木原 夏休み明けは登校渋りが増える傾向にあります。それは、宿題が終わっていない、規制のない生活を1か月程続けているため、時間に規制のある生活が憂うつになる、ゲームや動画に浸っていた生活が続き、生活リズムが夜型になってしまったなどが原因として考えられます。学校に来てイライラしている子の理由を聞くと、「早く帰ってゲームしたい」と言うこともありました。

また、SNSなどがさかんになり、自分の知らないところで人間関係が変わっている可能性もあります。休み明け、「また、○○ちゃんと仲良くできるかな?」というように人間関係が心配という理由もあります。

――不登校になりそうな子供たちはどのような様子や前兆が見られますか。そのような子供たちへはどのような対応をすればよろしいでしょうか。

木原 心配な子の様子としては、集団に馴染んでいない前は仲良くしていた子と最近はいっしょにいない遅刻や欠席が増えている保健室に頻繁に来るなどが見られます。それらの様子が見られたときには、早めに養護教諭やスクールカウンセラーに相談するのがよいと思います。
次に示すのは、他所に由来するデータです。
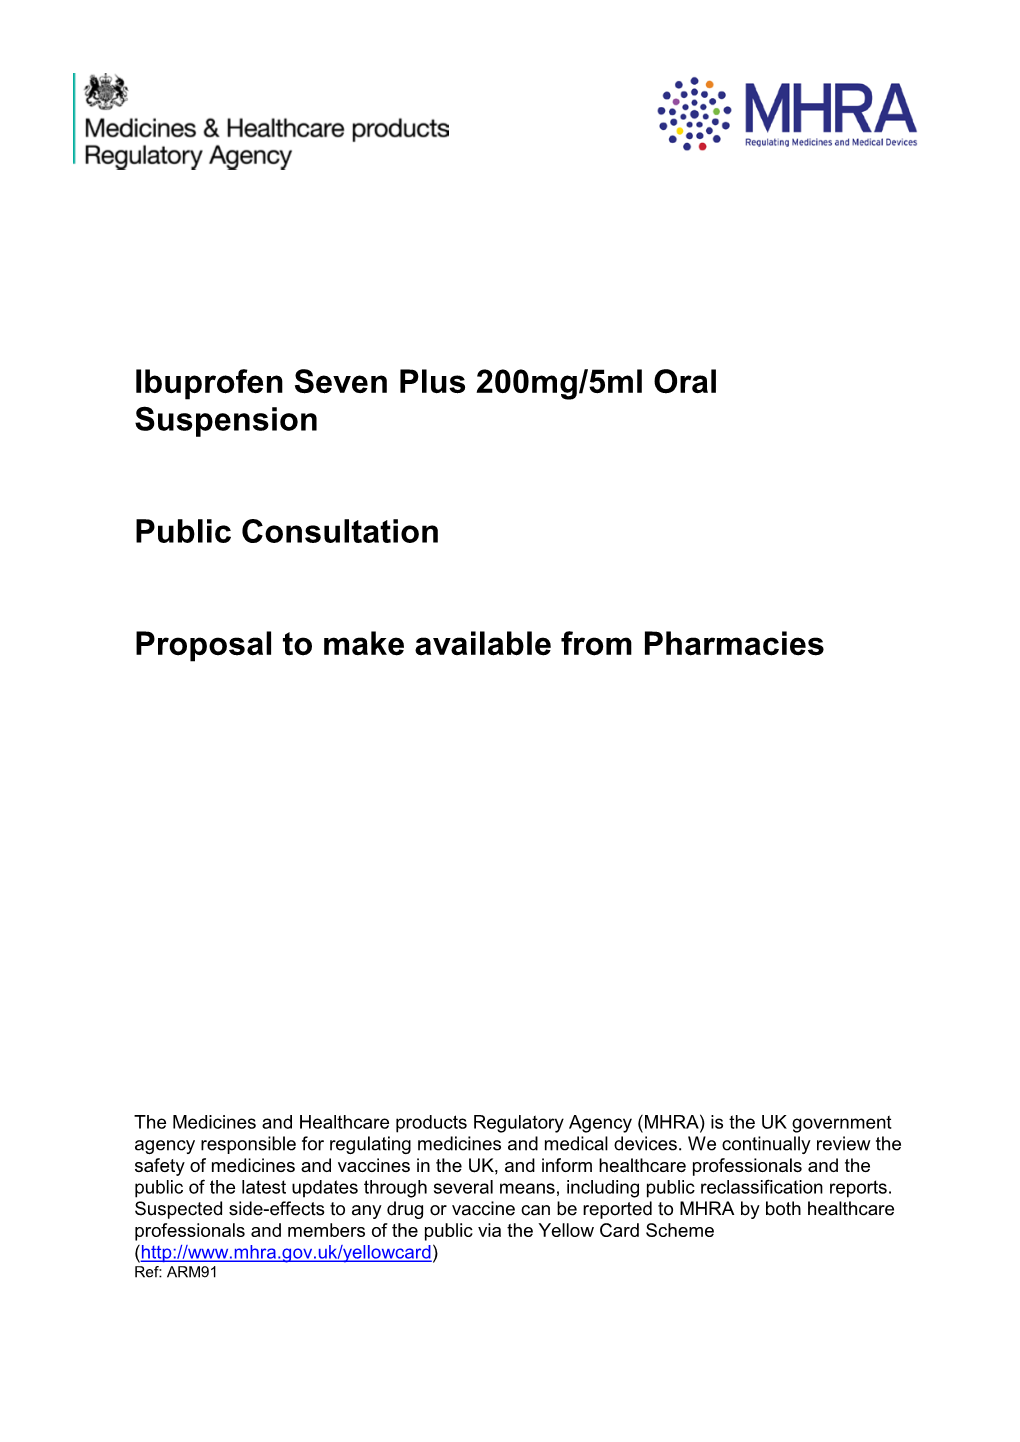 Ibuprofen Seven Plus 200Mg/5Ml Oral Suspension

保健室に頻繁に来る子には、「これ手伝ってくれるかな?」などと話しかけ、掲示物の作成を手伝ってもらうなどしています。いっしょに作業などするなかで、家庭や家族の状況などを何気なく聞くようにしています。養護教諭の私も相談に乗りますが、相談するところが多いほうが子供が安心できると思い、そういう子供にはスクールカウンセラーの存在も伝えます。

保健室の勉強コーナー写真
保健室で勉強ができるように机も設置されている。

――不登校傾向の子供たちへの言葉がけやアドバイスはどのようにされているのでしょうか。

木原 例えば、保健室に登校した子には、「あなたは1人ではないんだよ」ということを伝えます。そして、「やれることをやれる場所でやればいいよ。○○さんのタイミングでいいんじゃない。今は教室に行くのが無理だと思うときは、無理に行かなくていいのよ」と言います。

保健室は子供たちがリラックスして、安心して過ごせることを心がけています。環境づくりの1つとして、モコモコしたぬいぐるみをたくさん置いています。子供たちは、ぬいぐるみを触ったり、抱いたりすることで気持ちが落ち着くようです。手づくりのいやしグッズも置いていますので、それもよく触っています。

「保健室に行ったら絶対教室に行かされるんだよ」ということにならないようにしたいですね。子供自身が自分の意思で決められるように支援します。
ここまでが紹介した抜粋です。